More like a customer than a dancer, she was sitting coolly unconcerned at a high-table, and one of the strippers was giving her a slow, sexy lap dance, while she stuck dollar bills into the stripper’s thong. But New Girl’s eyes weren’t on the stripper. No, they were watching the guards over at the stairway. Hard.
Abruptly, that gaze shifted across the crowd so fast and latched onto Nadia’s, that Nadia stiffened, suddenly intimidated.
Those green eyes, they held something. A threat.
New Girl knew Nadia had been watching her. Hell. She knew.
With her threatening eyes still on Nadia’s, New Girl palmed the stripper’s throat and roughly yanked her head back, then she brought her mouth to the side of the stripper’s neck and licked it, then sucked on it, her other hand drifting up to squeeze the stripper’s breast.
The unexpected effect that viscerally unfurled inside Nadia had her questioning her sexuality. She shouldn’t have been turned on by New Girl. B
ut she was. She bewilderingly was.
Swallowing hard, Nadia resumed her jaunt to the stairway, her steps quicker.
The guards knew her role there so they nodded respectfully when she got up to them, but didn’t give her pass.
“I’ve got word for him,” she told them.
One of the guards, whom she knew as Ronnie, held up a hand in a ‘hang on’ signal then took out his cell and hit a number…
“Nadia’s got word, boss…yeah…no…’kay.”
Ronnie hung up and moved aside to grant her pass, and she went ahead and navigated her way to the boss’s office. The door was ajar but she knocked anyway.
“Come, Nadia.”
Nadia went in.
Sitting in his office chair behind his modern glass desk, flipping through a mess of photos scattered across a large manila envelope, the owner was a torturous sight to the female eyes. Too damn good-looking to be doing—whatever it was he did that was so bad he needed bodyguards. She never asked questions. And she knew she was better off not knowing the gore. She just did what was expected of her and collected her lump sum every fortnight.

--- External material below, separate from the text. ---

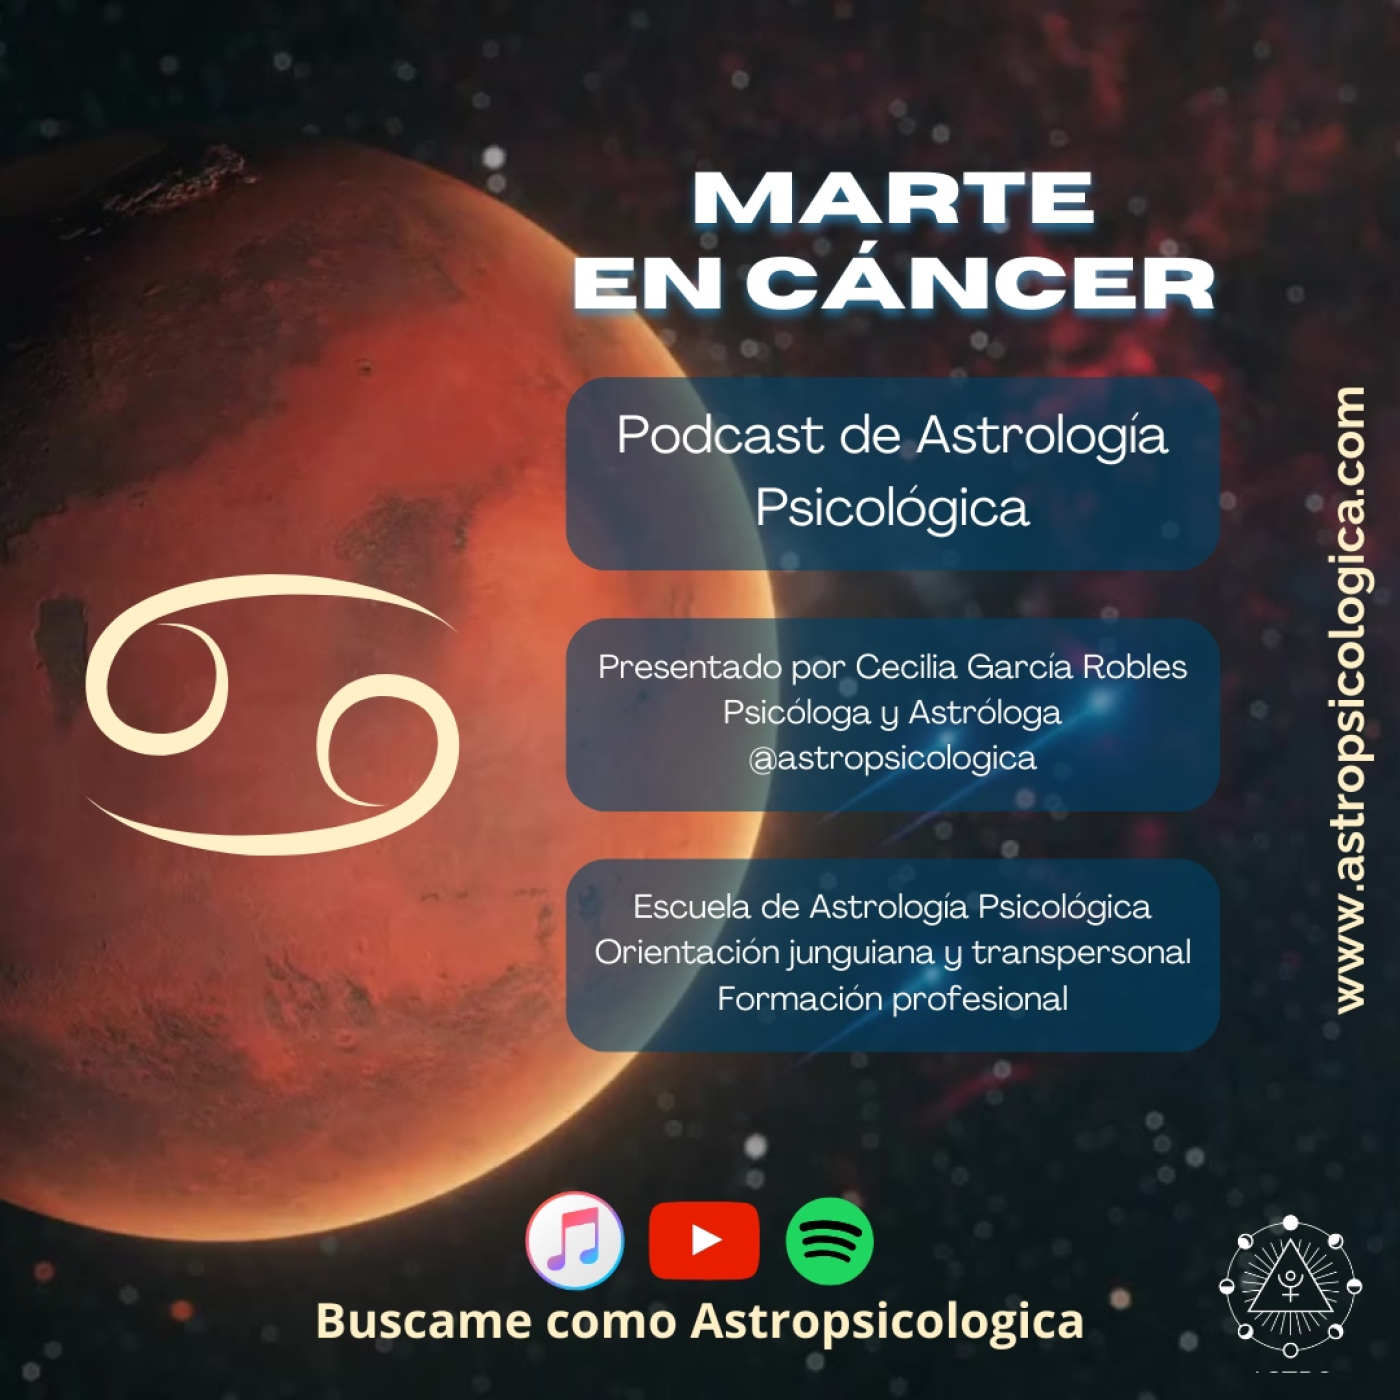 Podcast: Marte en Cáncer

Tall and lean, the man behind the desk wasn’t packing with muscles, but just enough to fit his body type. Dirty blond hair that didn’t have one particular style to it. Sometimes he trimmed it in a rocker’s style, sometimes he let it grow out in limp, loose waves like a surfer, and sometimes he trimmed it like an Ivy League gentleman. Whichever way he wore that lovely hair, it worked for him. Nadia was sure that, even on his worse day, he looked a lot better than every other man she’d ever come across in her entire life. He was just that undeniably, irresistibly mouth-watering.
With dark eyes and lips that didn’t smile, Nadia often wondered what it would be like to have sex with a man so sexily fierce. With her open body language, she’d made it obvious, loud and clear, that she desired him since the moment he hired her. But the man wasn’t interested. In her or anyone.
Cool and detached, never screwing around, never messing with the dancers.